Thank you is definitely where I will start this post. The support I have received over the past week, the past month, the past year, the last 10 years has been absolutely incredible. Honestly the words on this page will never be enough to truly reflect the gratitude I feel. Thank you.

Ten years ago, just a couple of months after starting to swim competitively, I had the opportunity to represent Malawi at the Commonwealth Games in Manchester, England. It was at that point I knew I was going to be on a journey chasing a dream for many years to come. That journey came to an end last week in South Africa. It didn’t end the way I thought it was going to end, it wasn’t really the result I worked for, and to be honest I am disappointed with what went down on paper as the final result. But what I can tell you is that I am satisfied.

It’s weird being disappointed and satisfied at the same time. As I just said, I am disappointed with the times I swam last week and the positions I finished. I am disappointed that the hard work I put in, the sacrifices I have made, the commitment I swore to did not pay off in the way I wanted.

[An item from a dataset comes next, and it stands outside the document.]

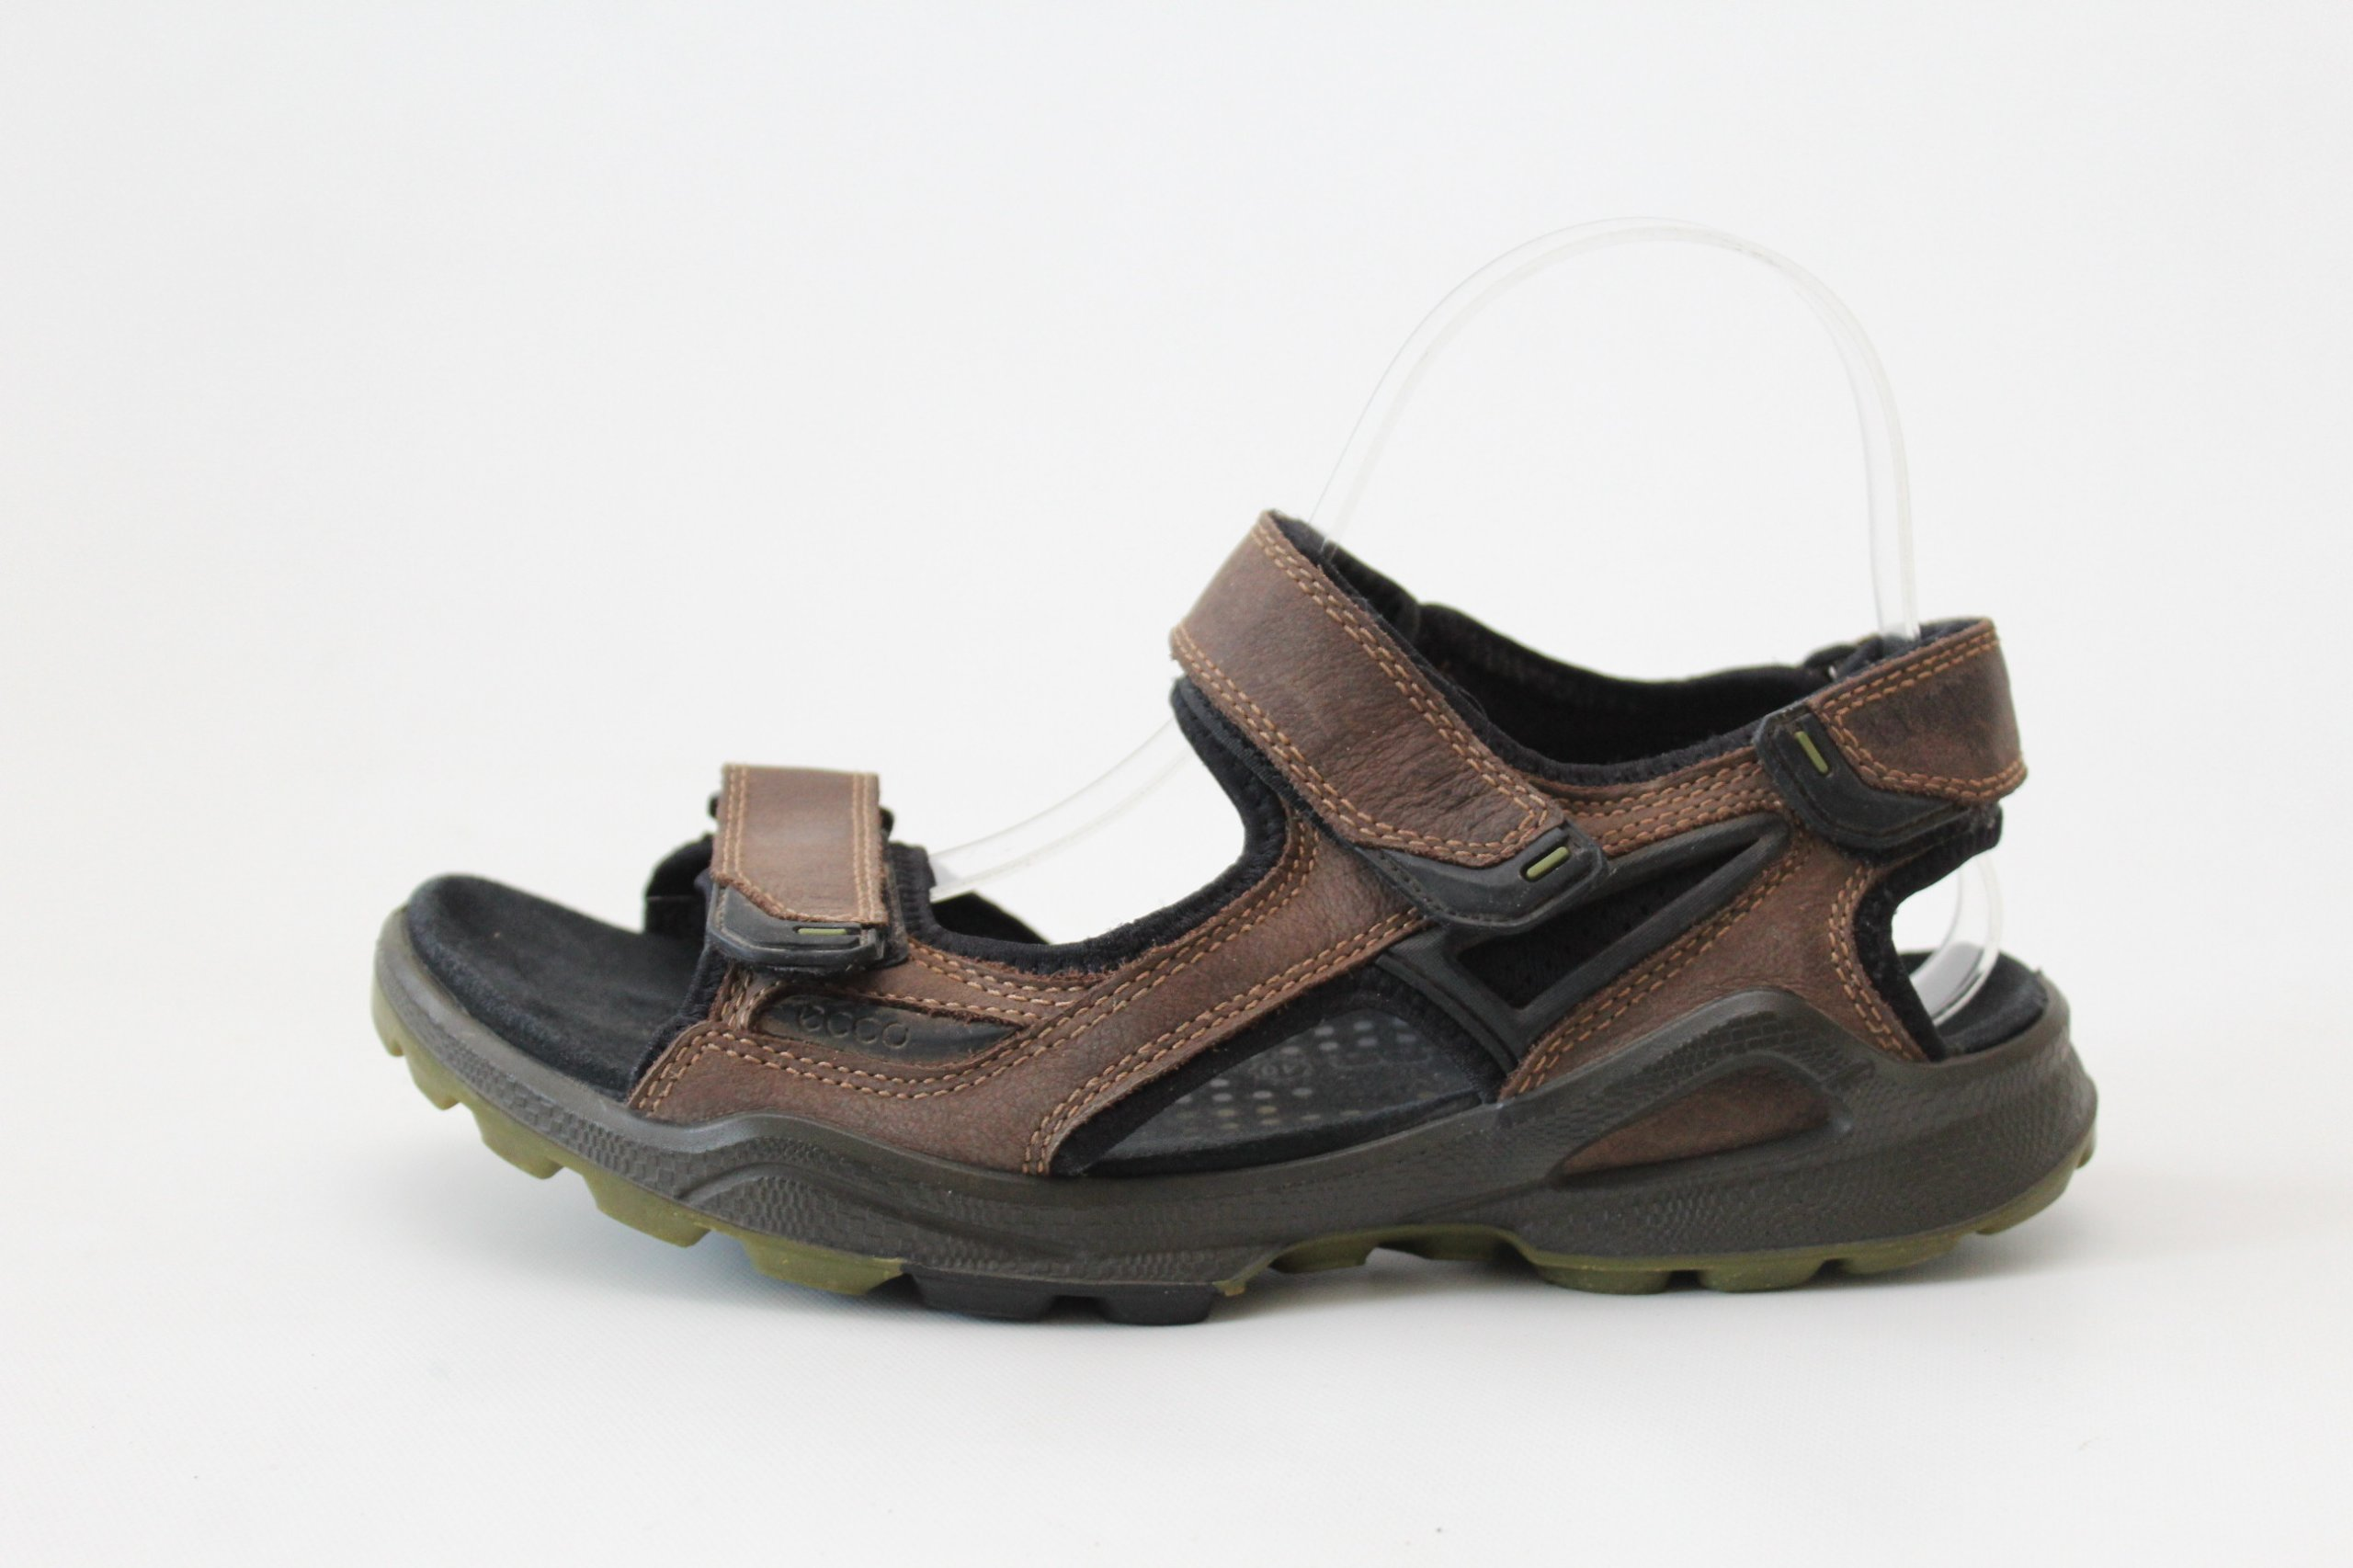 df43537b ECCO BIOM - skórzane sandały r. 40 (25,5 cm) - 7388313098 ...

Yet I am peacefully content with everything. I did everything I could and that fact alone is good enough for me. Don’t get me wrong, I’m not a big fan of losing. I don’t think you can be a competitive athlete if you don’t mind losing. Yet strangely enough the cliche that titled my first ever blog post holds true. “Life is about the journey, enjoy the ride”. I am satisfied because I know that I committed 100% to my dream. I am satisfied because I don’t regret doing or not doing anything leading up to last weeks Olympic Trials. I am satisfied because I honestly could not have given anything more and I am proud of that.

You see friends, I believe life is as much about having the balls to put yourself out there, committing 100% and taking responsibility for our lives as it is about achieving success. I think my greatest fear is that as I grow older I will allow life to get in the  way of my dreams, I’ll get caught up in my day to day struggles and forget about what I really want to achieve. I never want to stop dreaming big, or start thinking “practically”, I don’t want to be the guy that makes excuses for why I can’t do something or blame others for any inabilites.

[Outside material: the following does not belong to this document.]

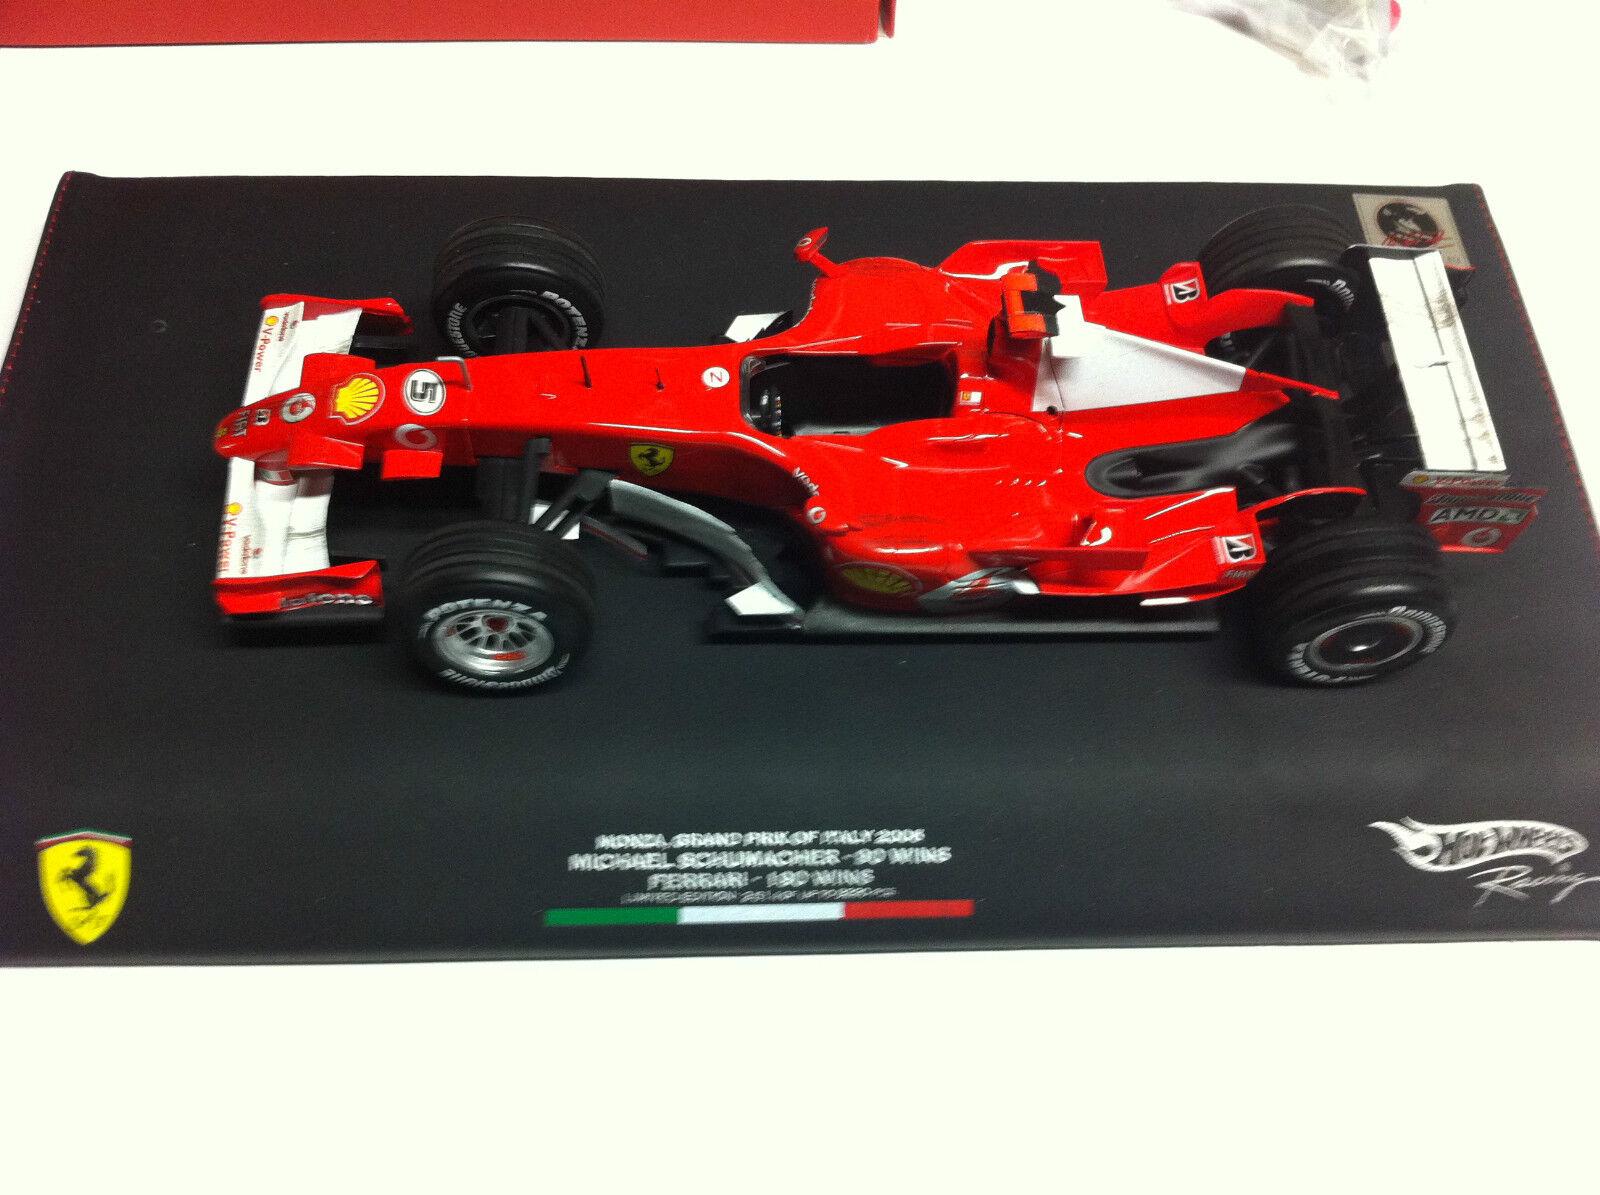 Hot Wheels 2006 M. Schumacher Ferrari Monza 90 Wins Signed Signed Signed Figurine 1 18 222

Myself with Neil Versfeld (9th in the 200 Breaststroke at the 2008 Beijing Olympics) and Terence Parkin (2nd in the 200 Breaststroke at the 2000 Sydney Olympics)

My Olympic Dream was a big dream, but I have lived like it was a reality for the last couple of years. I am proud of that. The journey has been one of a kind and incredibly rewarding. I’ve had the opportunity to see amazing places because of my swimming. I have met and raced against some very cool people, I’ve had incredible doctors, surgeons, therapists and trainers help me through my injuries. I’ve worked with awesome coaches and have seen and felt support from friends that gave me goosebumps. I received emotional and financial help from a family that loves me unconditionally, and have shared most of the journey with an incredible woman who stood by me through it all.

I may not have made the Olympic cut but I wouldn’t change any of my experiences for the world.

Find your Olympic Dream my friends and follow it like there is no tomorrow.

“The most important thing in the Olympic Games is not to win but to take part, just as the most important thing in life is not the triumph but the struggle. The essential thing is not to have conquered but to have fought well.”  – Pierre de Coubertin, IOC President 1896 – 1925.